Deciding to work in Silver’s presence, even her silent one, I open my laptop and go about editing and tweaking the file I’ve been working on for the past couple of days. At least, I try to. But, apparently, sitting in Silver’s space has me distracted enough that I can’t focus enough on anything but the scent that surrounds us, the way she holds her chin up to the sunlight and closes her eyes as if she’s soaking in every bit of the sun as she can, and the small smile that tugs at her full lips.
My gaze is darting between my laptop and the omega, lingering on Silver much more than my laptop, and it doesn’t take a genius to realize that working when there are things to be said, things to be fixed, that hang between us, isn’t going to happen.
So, with a defeated sigh, I close my laptop and stare at Silver. As though she’s as attuned to my presence as I am to hers, she quietly informs, “I can feel your eyes burning a hole in my face. Tone it down, would you?”

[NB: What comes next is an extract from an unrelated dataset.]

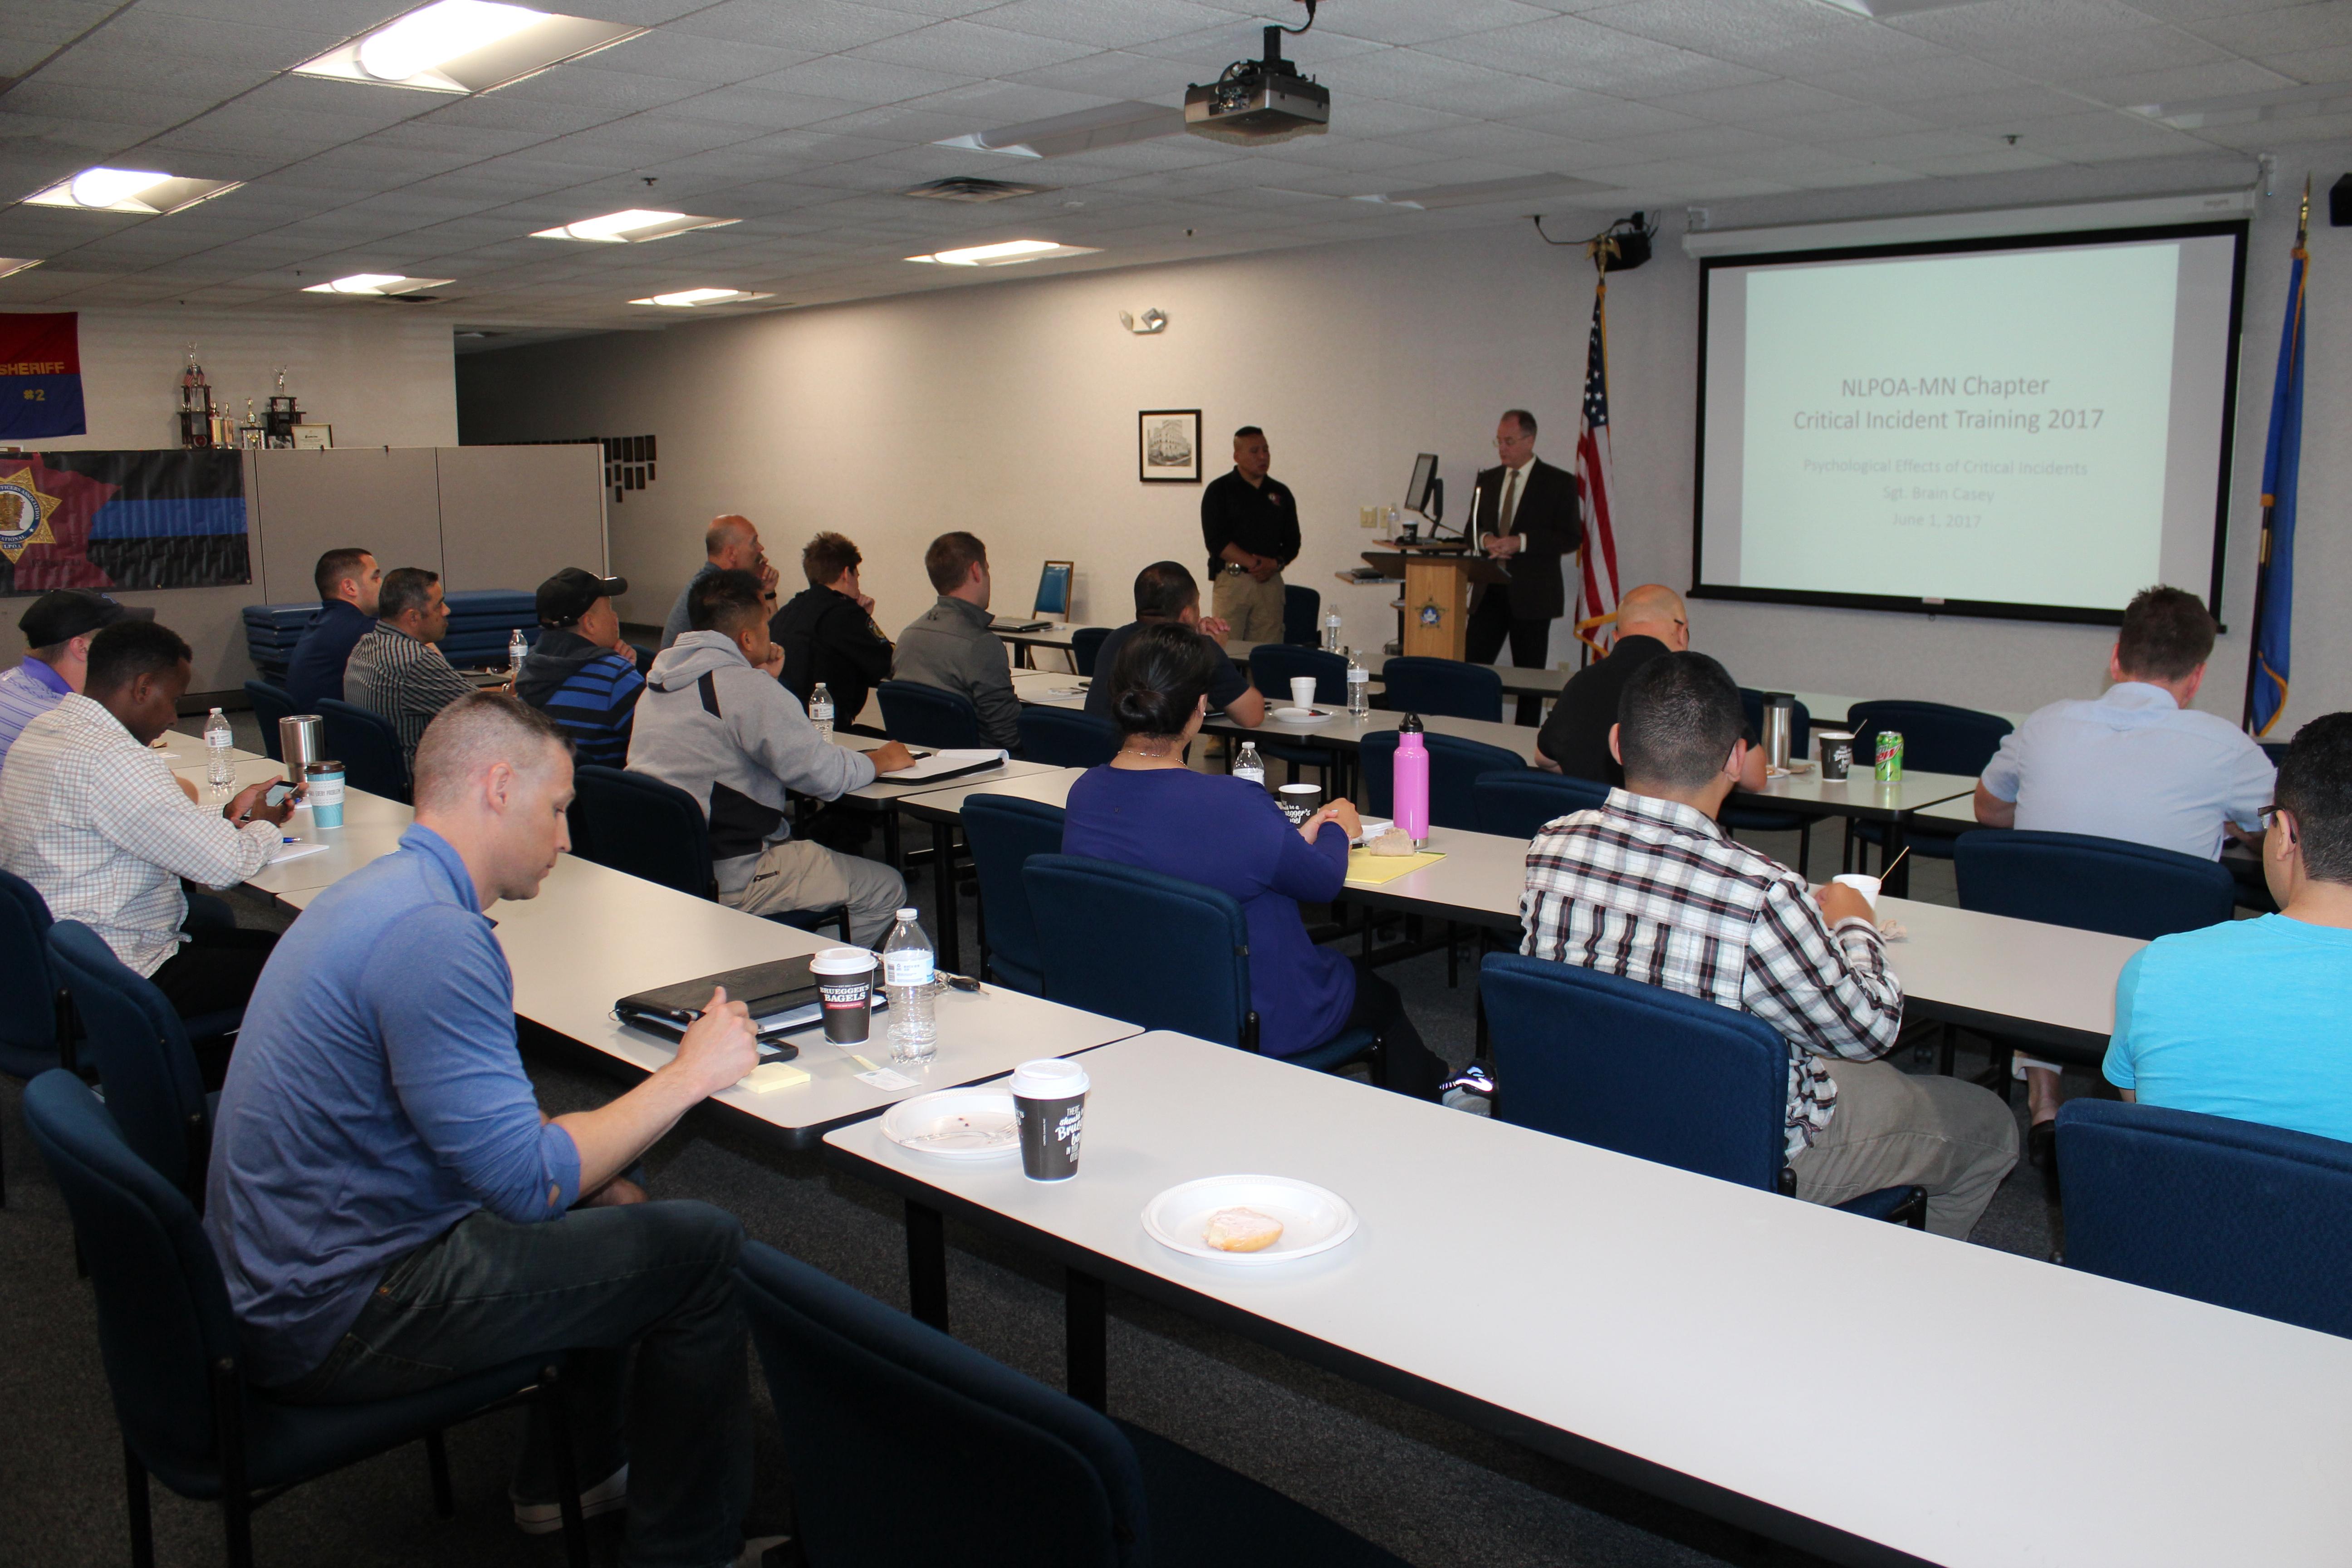 2017 Critical Incidents Training

I don’t, not that I know how to tone anything down. I’m only looking at her, etching the adorable slope of the tip of her nose to memory, committing the fullness of her lips and the beautifully sharp angles of her jaw and cheeks to my mind. It’s no wonder Juno calls her Pixie. Silver Gage looks like she belongs in a fairytale with pixie dust, lost boys, and a captain with a hook for a hand. She’s astonishingly beautiful, and I can’t help but stare any time she’s in the room.
“Dude. Knock it off,” she gripes, and my gaze lifts from her mouth to her eyes that are now glaring at me.

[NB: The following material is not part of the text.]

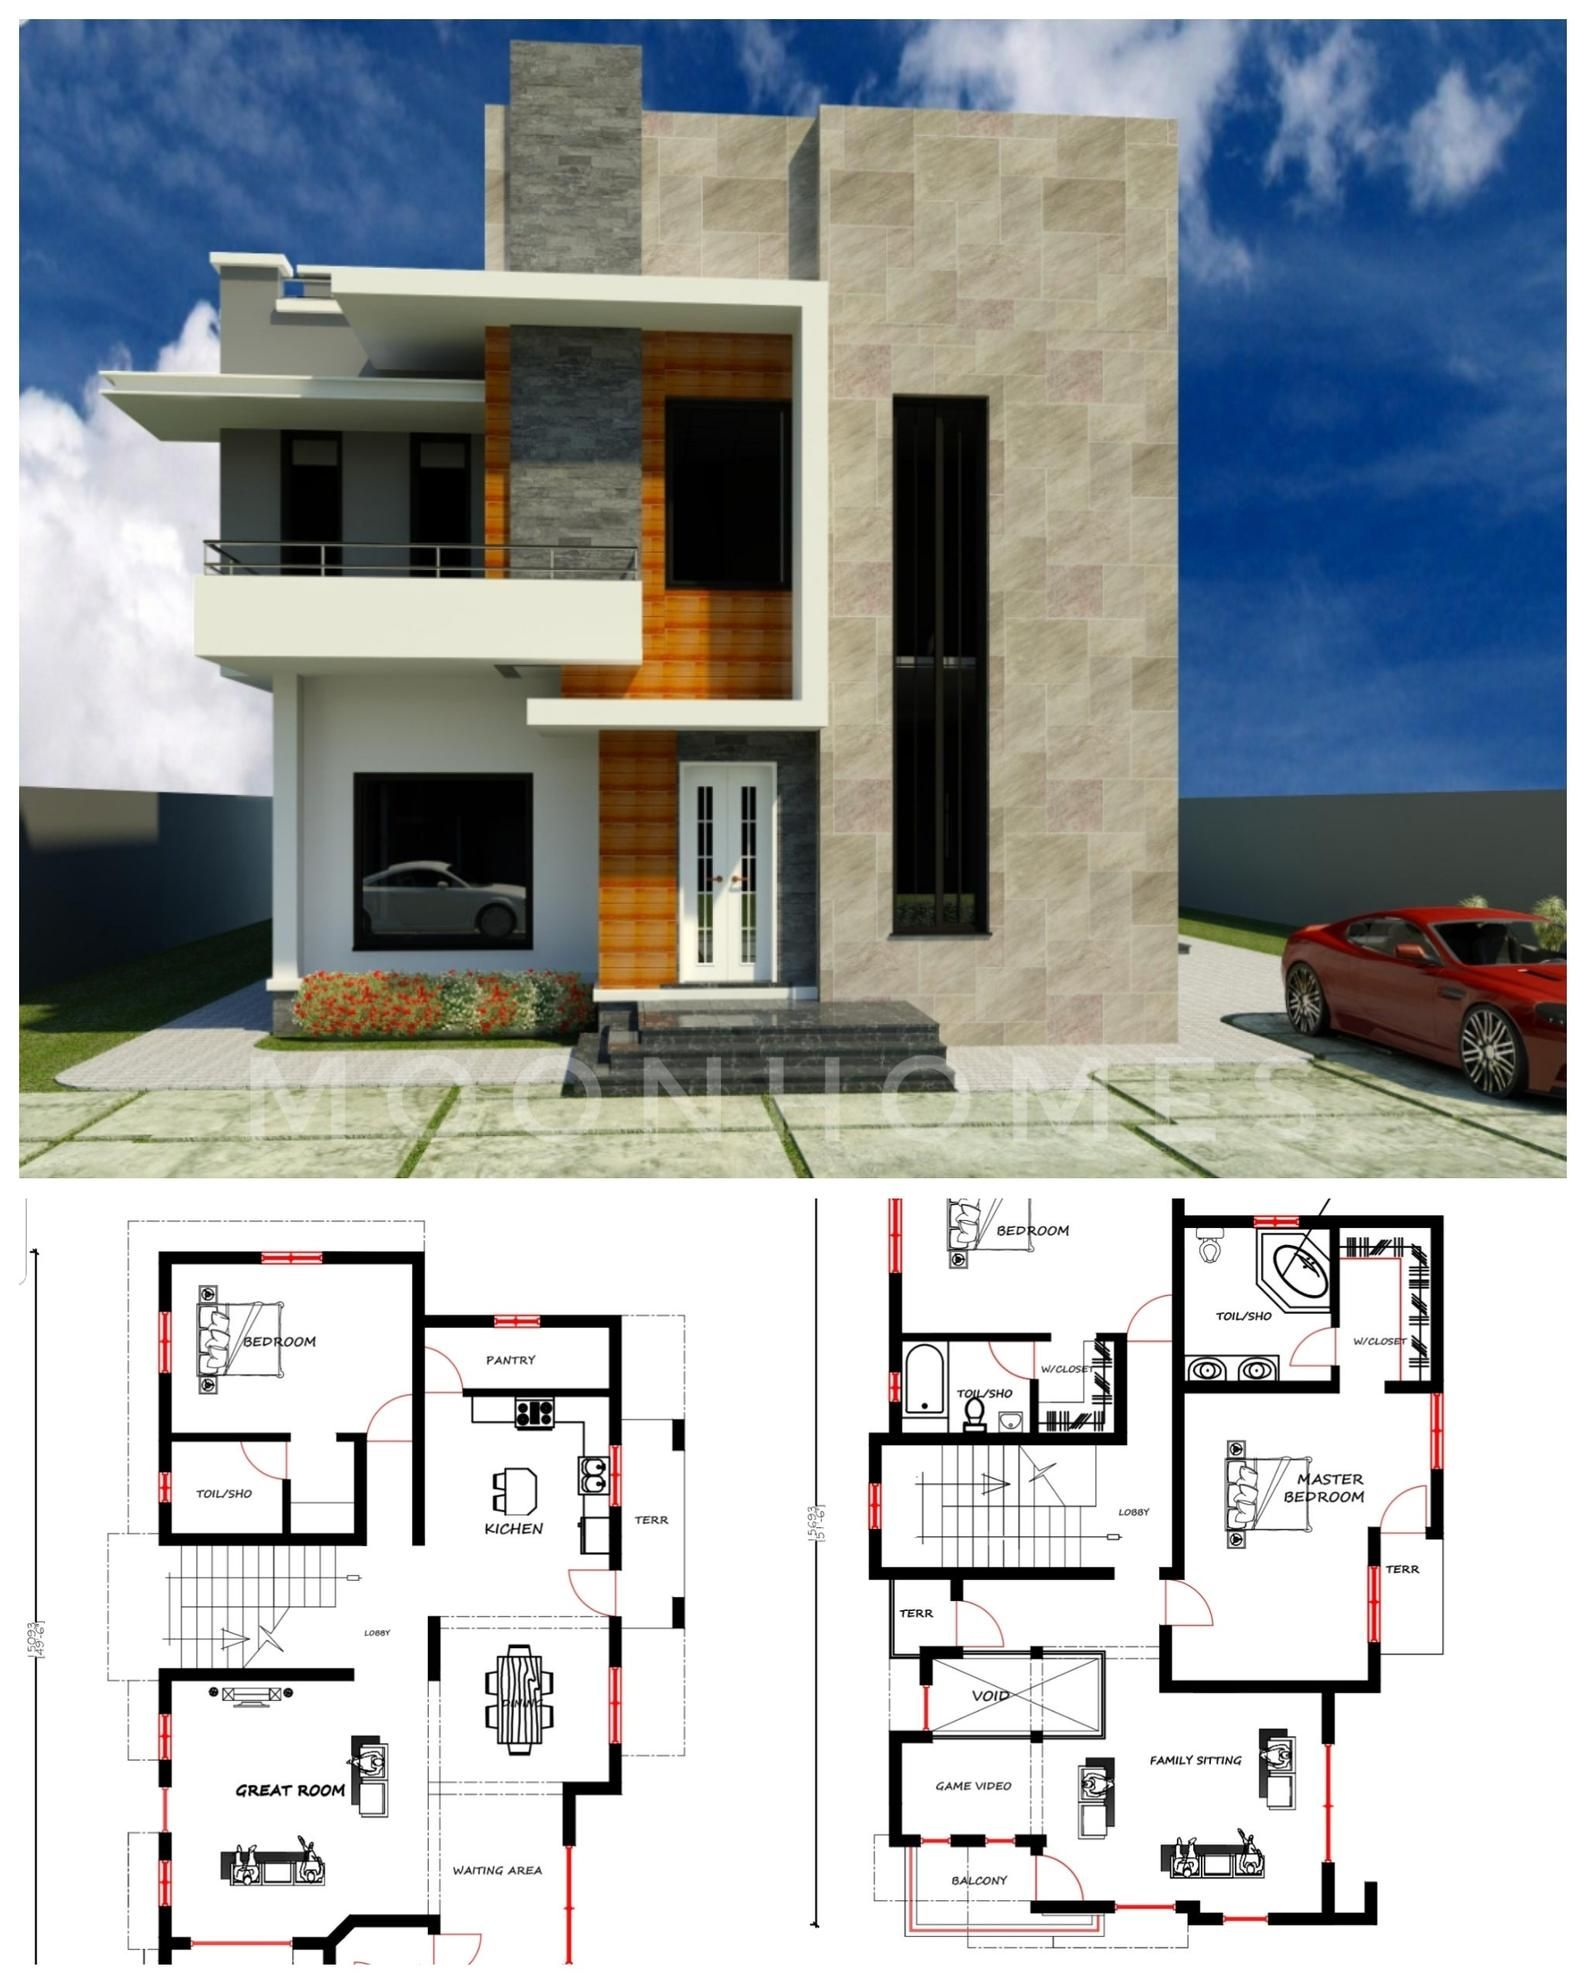 3 Bedroom Duplex House Plan Modern Home Design House Floor Plans Tv Shows Floor Plan Duplex House Plans Duplex House Design Beautiful House Plans

Lips twitching, I offer an apology, the first of many. “Sorry, can’t help it. Has anyone ever told you that you look like a prettier, pastel version of Tinkerbell? You’re beautiful.”
Surprise flickers in those gorgeous, gray eyes before she barks a laugh, slapping a hand over her mouth as her eyes widen from her outburst. Grinning at her now, the action feeling weird on my face, we remain quiet for a long moment, waiting to see if anyone will round the corner to provide a warning on our volume.
No one does, so Silver drops her hand and lowers her voice as she asks, “Are you okay? Have you received a bump to the head between last night and now?”
I shake my head, openly enjoying Silver’s theatrics for the first time since I saw her with Juniper, and I watch with rapt attention as her eyebrows pinch and she eyes me as though I’ve been body snatched when, in reality, I’ve simply decided to stop trying to shut her out. The weeks and weeks of observing are over, constantly watching while wanting and not allowing myself to have forgotten.
I want Silver Gage, and I want her to want me, too.
“Are you unwell? Is there some mutant disease hijacking your body or something?” she continues. “Are you even Pace Larsen?”
Shaking my head, I ask her, “Is it so hard to believe I’d pay you a compliment?”